Accessibility, Performance, and Trust: The Foundations of a Great Digital Experience

Accessibility, performance, and trust aren’t just compliance checkboxes, they’re the foundations of digital customer experience. Drawing on real-world lessons in healthcare and travel, I explore how small improvements, from plain English to secure APIs, create websites people can rely on.

Accessibility and performance are often treated as “nice-to-haves” until regulation forces organisations to act. But in reality, they are about something deeper: trust. A website that’s inclusive, fast, and transparent gives every user the confidence to engage, and in today’s digital landscape, that confidence is everything.

With the European Accessibility Act (EAA 2025), the spotlight is firmly on accessibility. Yet compliance shouldn’t be the only motivation. Over my career, I’ve seen how small, thoughtful changes, from plain language to page speed, transform the experience for users and businesses alike.


Accessibility: Beyond Compliance

When I worked in healthcare back in 2015, accessibility wasn’t the hot topic it is today. But hospitals have a unique responsibility: information must be clear and usable for everyone. That’s when I first saw the impact of Plain English.

We rewrote patient-facing content so it could be understood at a glance, not just for people with dyslexia or visual impairments, but also for patients under stress or unfamiliar with medical terms. It was my first lesson that accessibility is about dignity and inclusion, not just ticking a box.

Since then, I’ve carried this mindset into other industries, including travel. From ensuring alternative text for images to avoiding inaccessible templates, I’ve seen how the smallest details can make or break inclusivity. Ultimately, if a website excludes, it fails.

👉 Explore the W3C Accessibility Principles


Performance: Every Second Counts

No matter how engaging your content is, users won’t wait if your site is slow. Research shows that 53% of mobile visitors abandon a site that takes longer than 3 seconds to load. In travel especially, performance issues like oversized images, caching gaps, or bloated templates directly impact both SEO visibility and conversions.

With my team, we tackled these challenges during our migration to Next.js. Optimising image delivery, cleaning up templates, and monitoring Core Web Vitals made an immediate difference, not just in rankings but also in user confidence. A faster site feels more reliable, which makes customers more willing to complete bookings.

Performance isn’t just a developer detail. It’s a driver of customer experience. Faster load times reduce frustration, increase engagement, and when combined with accessibility, create a digital experience where everyone can interact smoothly.

👉 Read Google’s perspective: Why Speed Matters for User Experience


Trust: Building Confidence Online

Trust is the invisible thread running through every digital interaction. Users need to feel confident that a website is reliable, transparent, and secure before they’ll engage.

In practice, trust comes down to three areas:

  • Transparency: clear pricing, accurate content, and consistency across pages prevent the kind of surprises that undermine confidence.
  • Security: strong protection for user accounts and personal data is essential. Moving beyond basic two-factor authentication (2FA) towards multi-factor authentication (MFA) gives people more choice in how they secure their accounts.
  • Compliance: working within frameworks like GDPR ensures not only that data is protected, but also that user rights and consent are respected. Collaboration with data protection officers (DPOs) and compliance teams helps make sure websites meet both the letter and spirit of the law.

Modern websites increasingly rely on APIs to deliver content and connect services. When designed well, APIs can actually enhance security by limiting data exposure, enforcing strict authentication, and providing audit trails. But when they’re left unchecked, exposing unnecessary fields, lacking proper authorisation, or not monitored, they can quickly become a liability. Striking the right balance between seamless experiences and data protection is now central to building digital trust.

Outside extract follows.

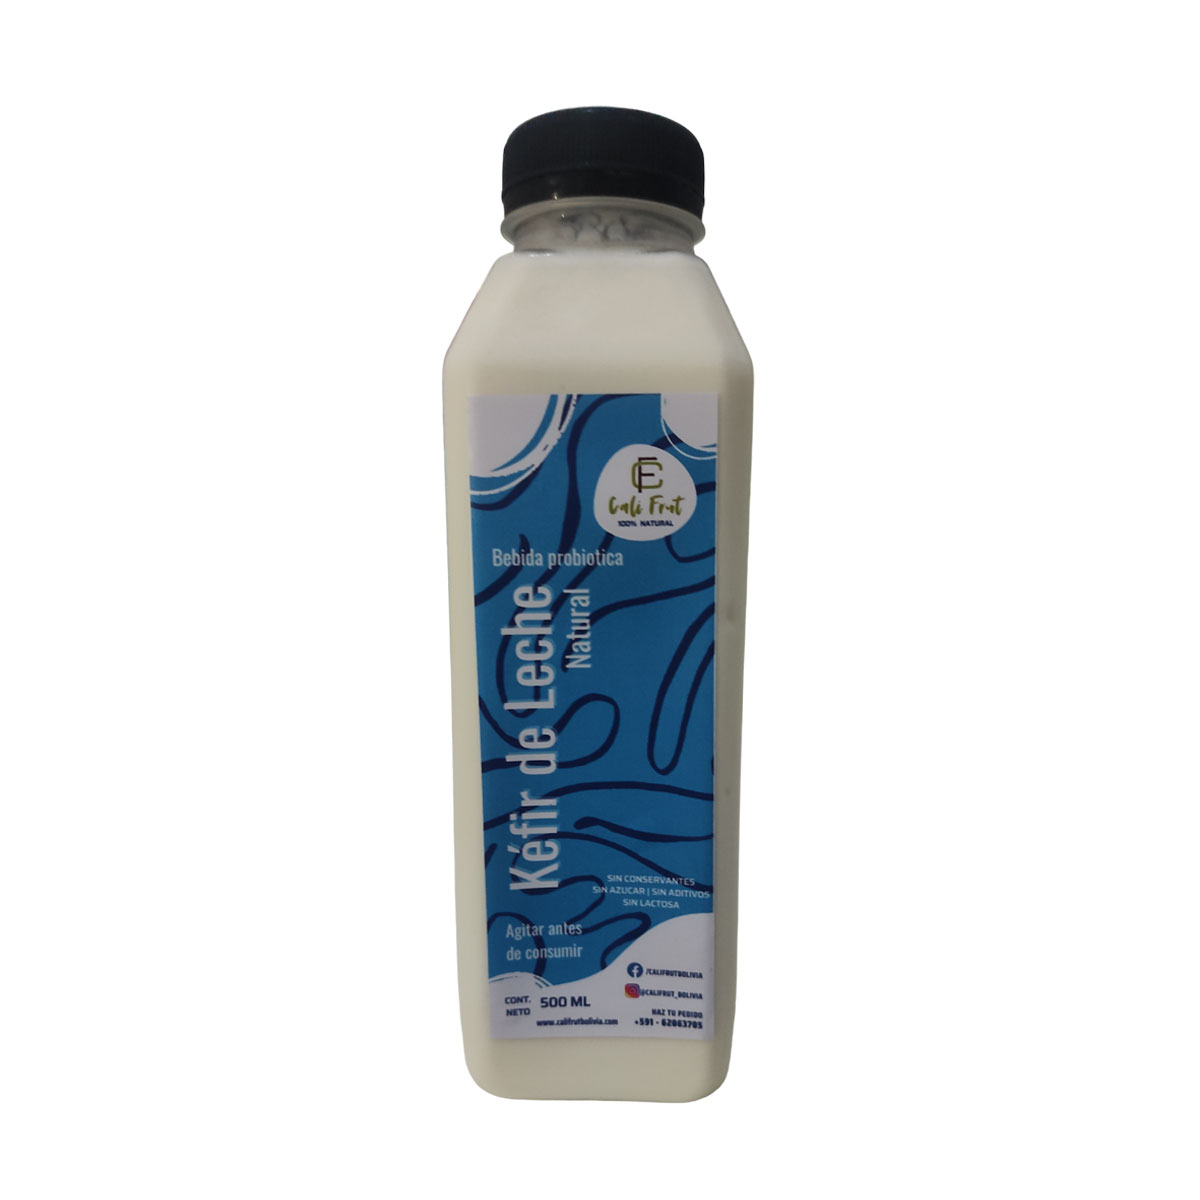 Kefir de leche Natural 500 ml artesanal sin Lactosa sin
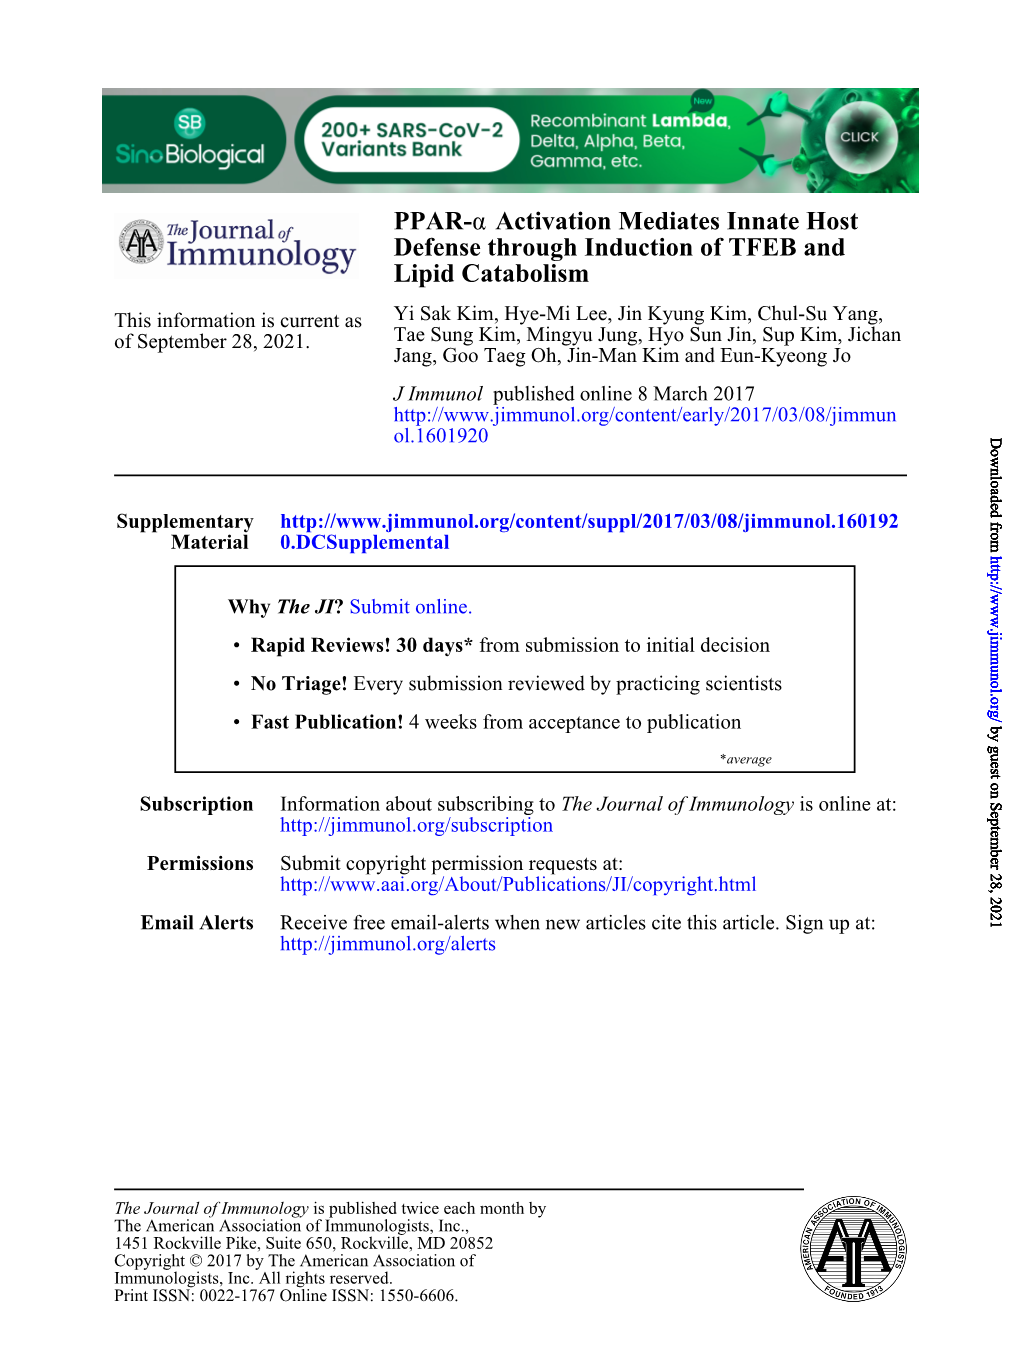 PPAR-Α Activation Mediates Innate Host Defense Through Induction of TFEB and Lipid Catabolism

These principles are echoed in European initiatives such as the EU Data Governance Act, which reinforce the need for data integrity and accountability as part of digital transformation.

Ultimately, trust isn’t built by a single feature, it’s earned through a series of consistent, reliable interactions that show users their data and their experience are respected.


The Interconnected Nature of CX

Accessibility, performance, and trust are often treated as separate initiatives. In reality, they reinforce each other:

  • Faster, cleaner sites are easier to make accessible.
  • Accessible, transparent content builds trust.
  • Trust boosts conversions and engagement, which in turn supports further investment in performance and accessibility.

Even small fixes, like a better image format, a clearer checkout step, or well-structured metadata (titles, descriptions, alt text), often improve all three pillars at once.


From Obligation to Opportunity

As the European Accessibility Act comes into effect, many organisations will scramble to retrofit compliance into their websites. But those who embrace accessibility, performance, and trust as strategic pillars of digital customer experience will do more than comply; they’ll win customers’ loyalty.

I’ve seen across healthcare, travel, and technology that when you focus on inclusivity, speed, and reliability, the result is the same: a digital experience people trust and return to.